__THE TASK__. Taking the data below, please print only the lines from the line holding "安省雇主担保名额已满今年关停!移民加拿大真的需趁早" to the line holding "Download Casas de", inclusive, with pictures omitted.
╭─ DATASET ENTRIES
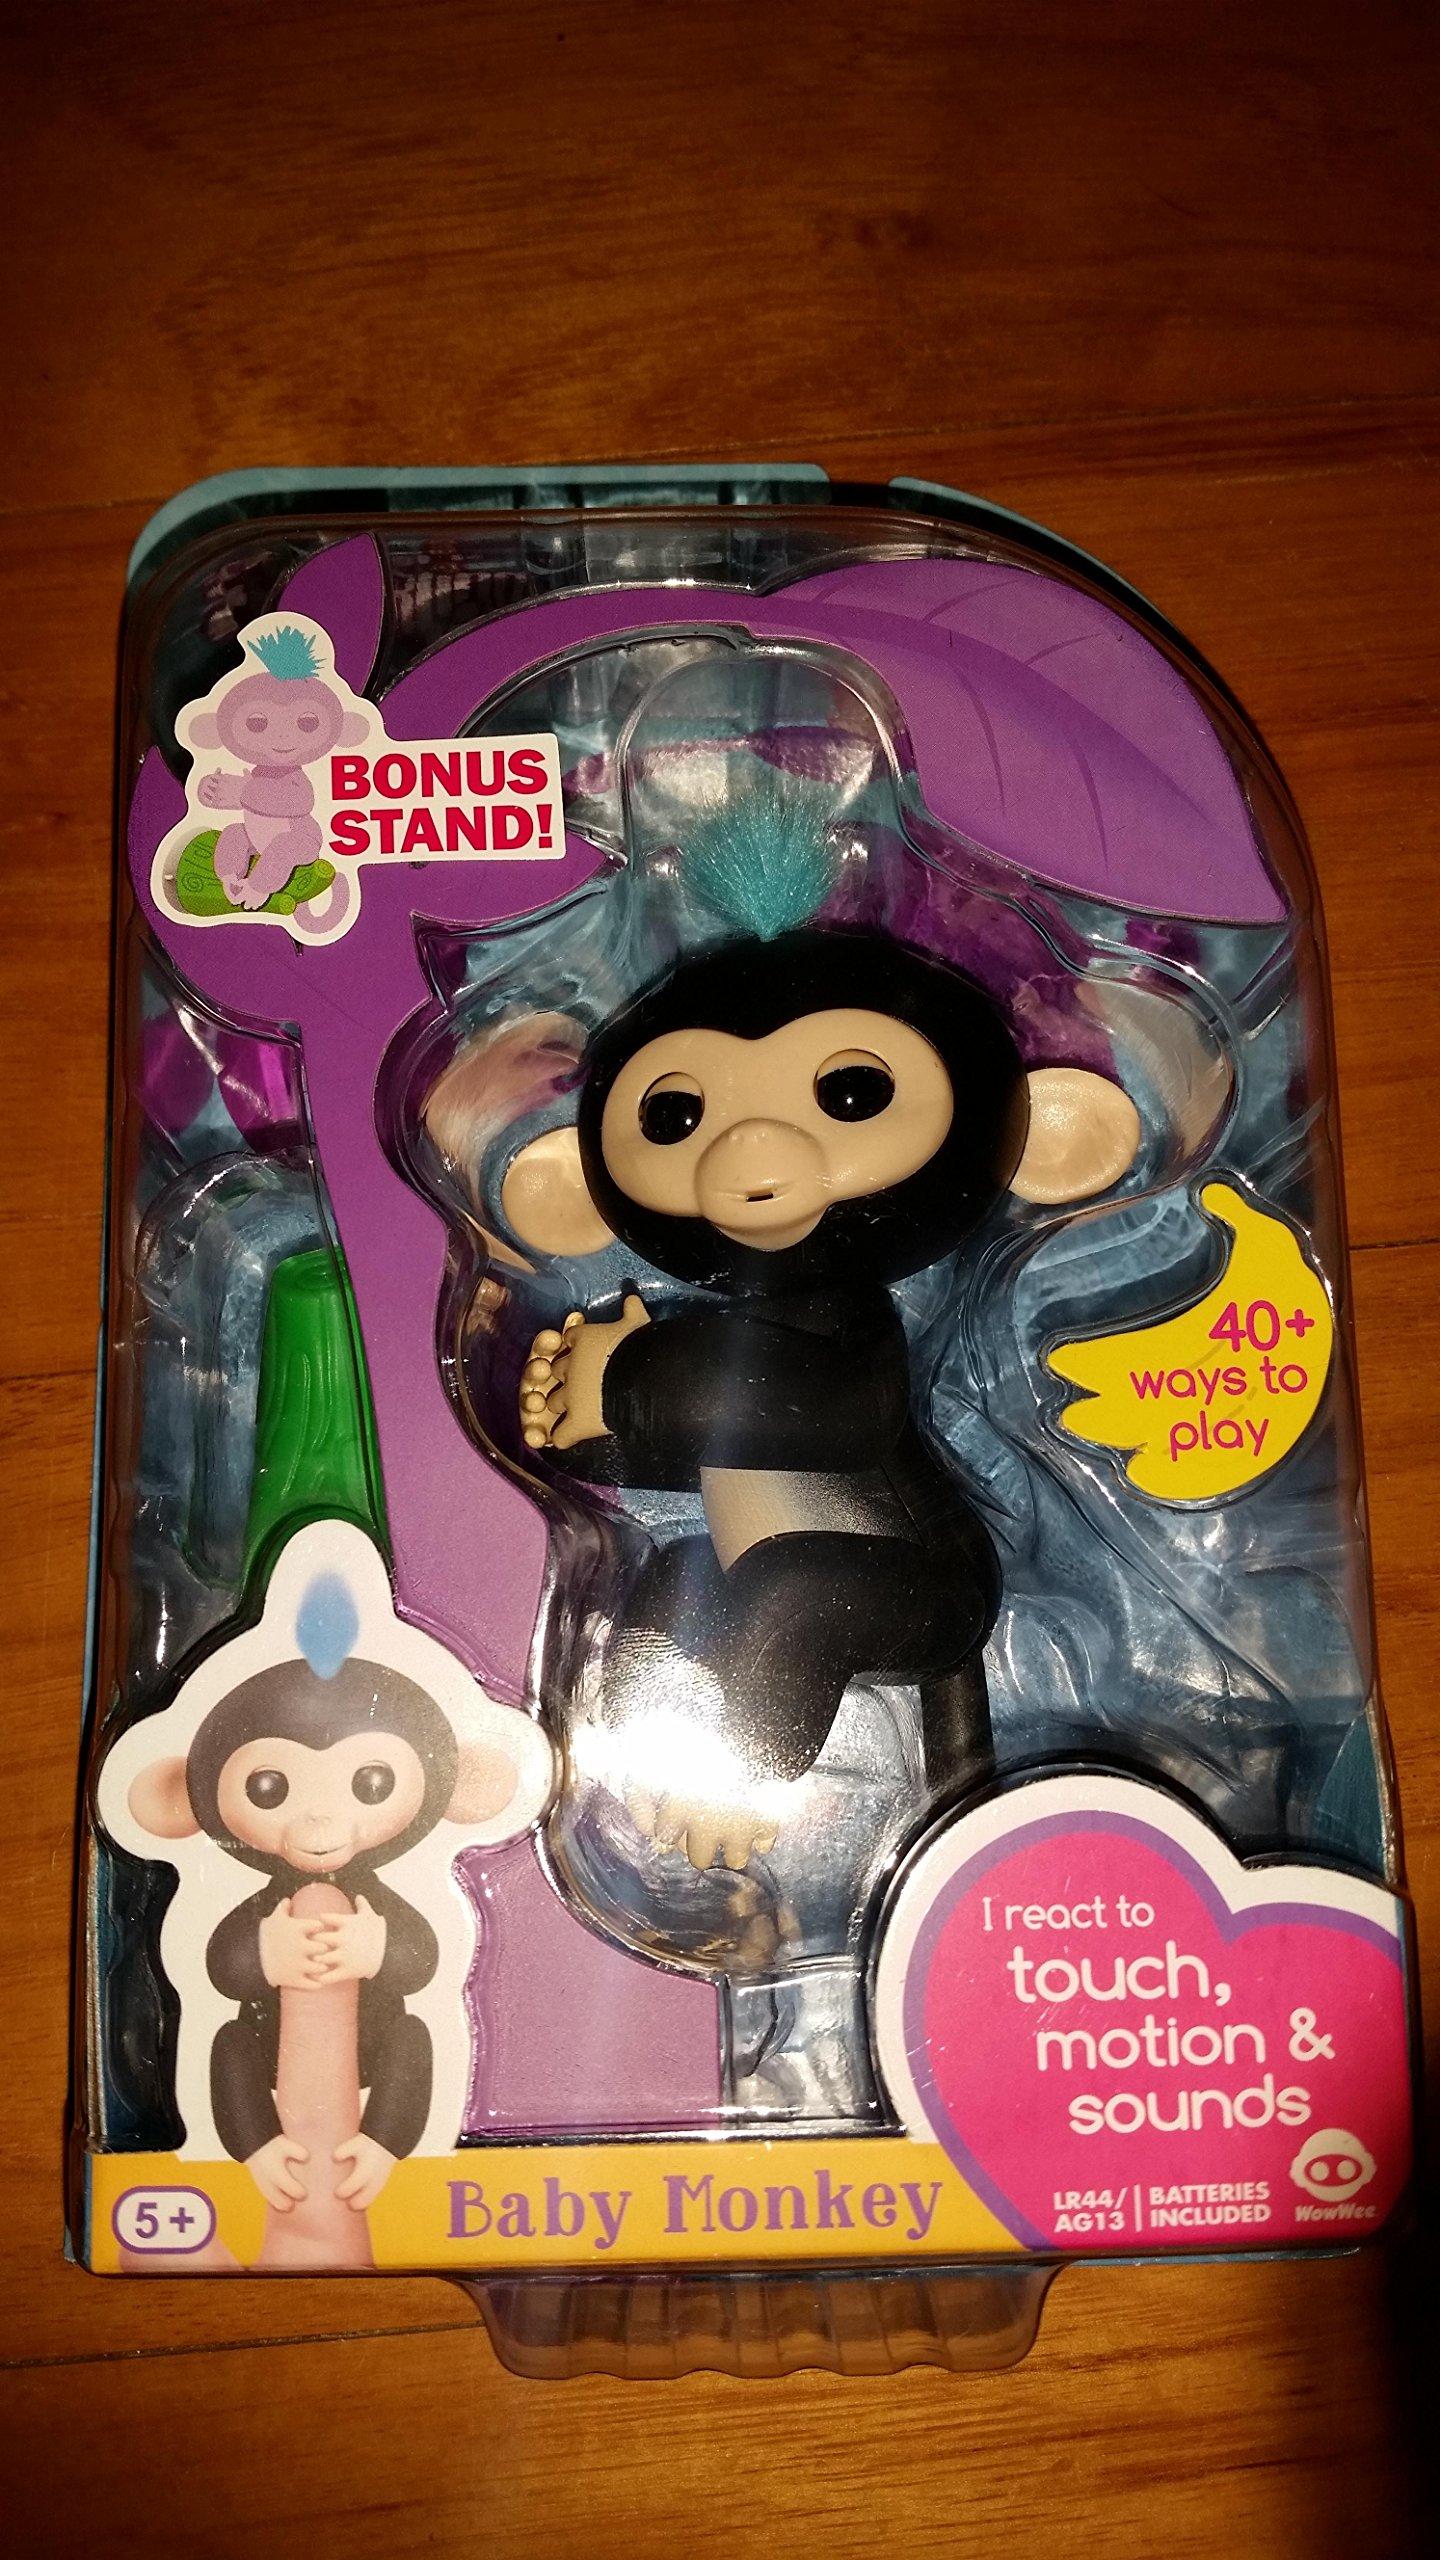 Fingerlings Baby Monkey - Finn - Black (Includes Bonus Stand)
╰─
╭─ DATASET ENTRIES
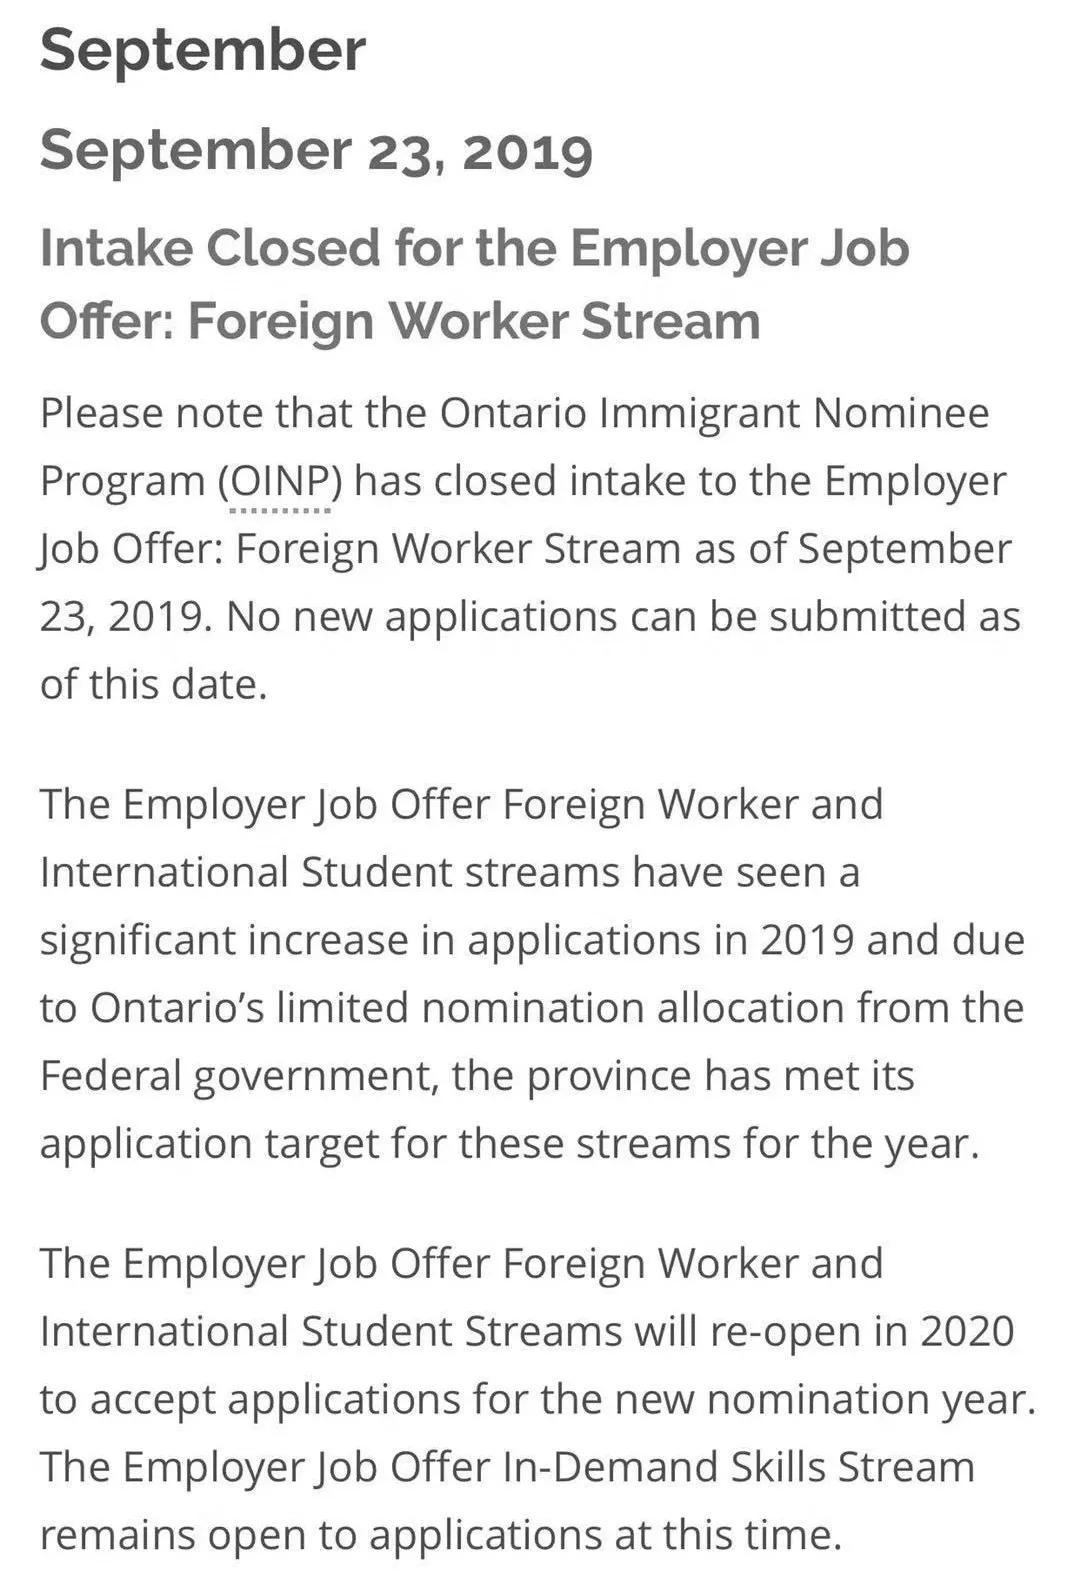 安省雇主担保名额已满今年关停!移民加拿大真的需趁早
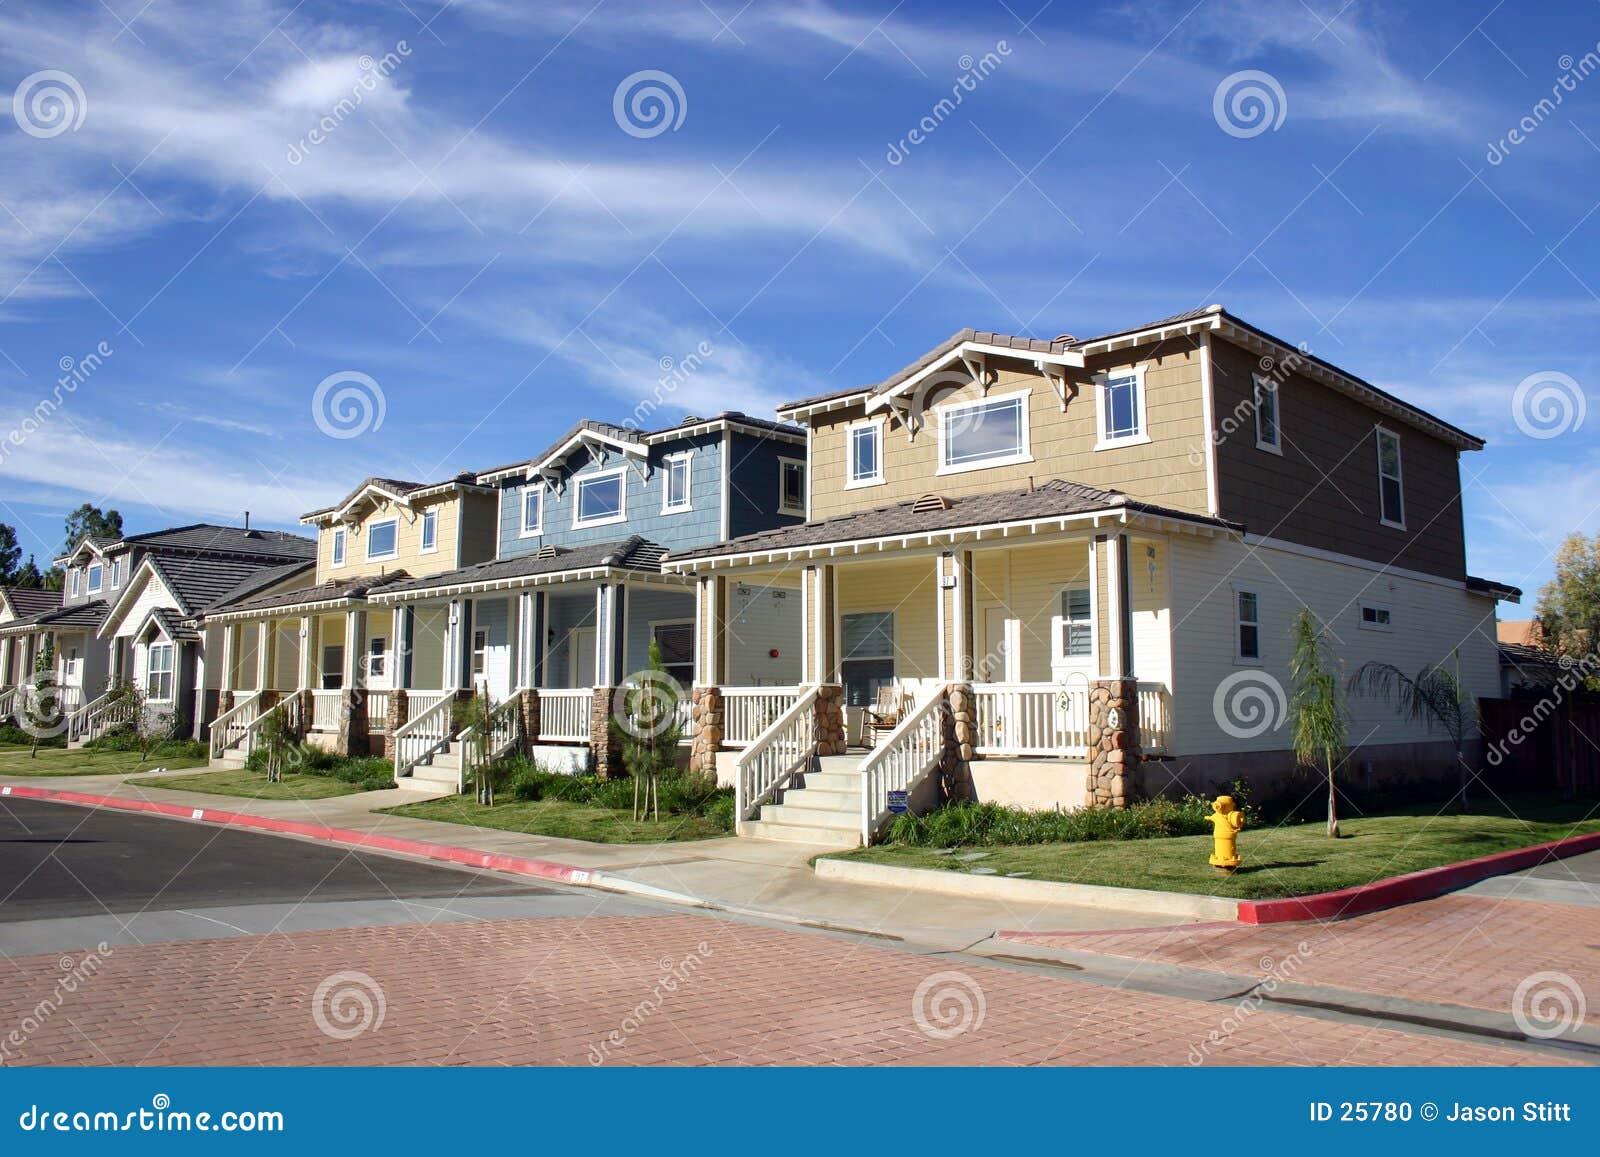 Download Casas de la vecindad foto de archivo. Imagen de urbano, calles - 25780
╰─
__SOLVED EXERCISE__.
 安省雇主担保名额已满今年关停!移民加拿大真的需趁早
 Download Casas de la vecindad foto de archivo. Imagen de urbano, calles - 25780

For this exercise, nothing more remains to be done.